1818'de ailesiyle birlikte Calais'ten, ailesinin dantel işi kurduğu Paris'e taşındığında, ona yepyeni bir sanat dünyası açıldı. Eugene Delacroix ile zaman zaman söylendiği gibi Louvre'da tanıştı. Bonington'un Louvre'daki Hollanda ve Flaman manzaralarını kopyaladığı göz ardı edilemez. Seine şehrine gelişinden iki yıl sonra, École des Beaux-Arts'ta Antoine-Jean Gros ile çalışmaya başladı. Gros, Napolyon I'in yükselişini betimleyen tarihi resimleriyle tanınıyordu. Aynı zamanlarda, Bonington sayısız eskizini geri getirdiği birçok gezisinden birine gitti. Önce Paris'in banliyölerine ve çevresine gitti. Daha sonra deneklerini aramak için kuzey Fransa kıyılarını dolaştı. Gros'tan esinlenerek, kıyı manzaralarını tuval üzerine yağlı boya ile ölümsüzleştirdi.

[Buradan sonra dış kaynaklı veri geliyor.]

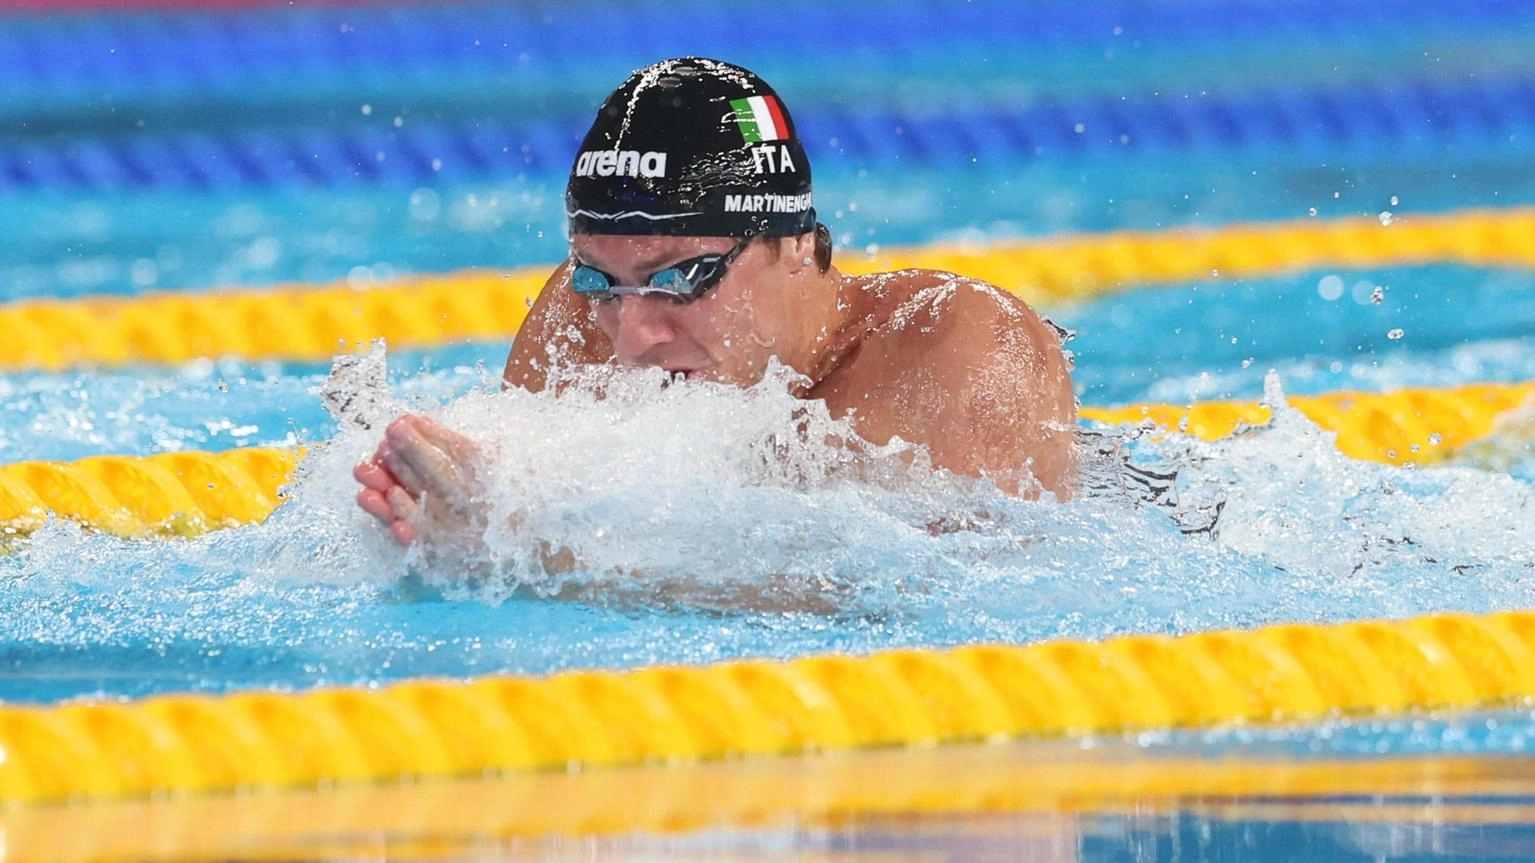 Mondiali nuoto: Martinenghi argento nei 50 rana

Litografide çalıştı ve Baron Taylor'ın bir seyahat kitabının yanı sıra kendi mimari serisini resimledi.
Londra gezisinde Bonington, Fransız ressam Alexandre-Marie Colin'de Delacroix ile tanıştı. Üçü eskizler tasarladı ve birbirlerinin eserlerini litografiye aldılar. Paris'e döndüğünde, Delacroix ve Bonington, sanatçı arkadaşının teşvikiyle tarih resmine dönüşen bir stüdyoyu paylaştılar. Bonington sulu boyaya sadık kaldı ve sulu boyaları sakız ve guaj ile karıştırarak alışılmadık bir teknik geliştirdi. Bu sayede yağlı boyaya çok benzeyen bir etki elde etti. 1822'de Richard Parkes Bonington ilk resimlerini Salon de Paris'te sergiledi. Bu dünyaca ünlü sanat sergisi, 1667'de Kral Louis XIV tarafından başlatıldı. Bonington, Paris Salonunun yıldızı oldu ve altın madalya aldı. Çalışma amacıyla kuzey İtalya ve Venedik'e gitti. Tüberküloz hastası olduğu için, ailesi onu 1827'de Delacroix ile birlikte Londra'ya gönderdi. Bu onun son yolculuğu olacaktı. 23 Eylül 1828'de hastalığına yenik düştü. Delacroix, eseri hakkında, Bonington'un benzersiz hafifliğinin, eserinin elmas gibi parlamasını sağladığını söyledi.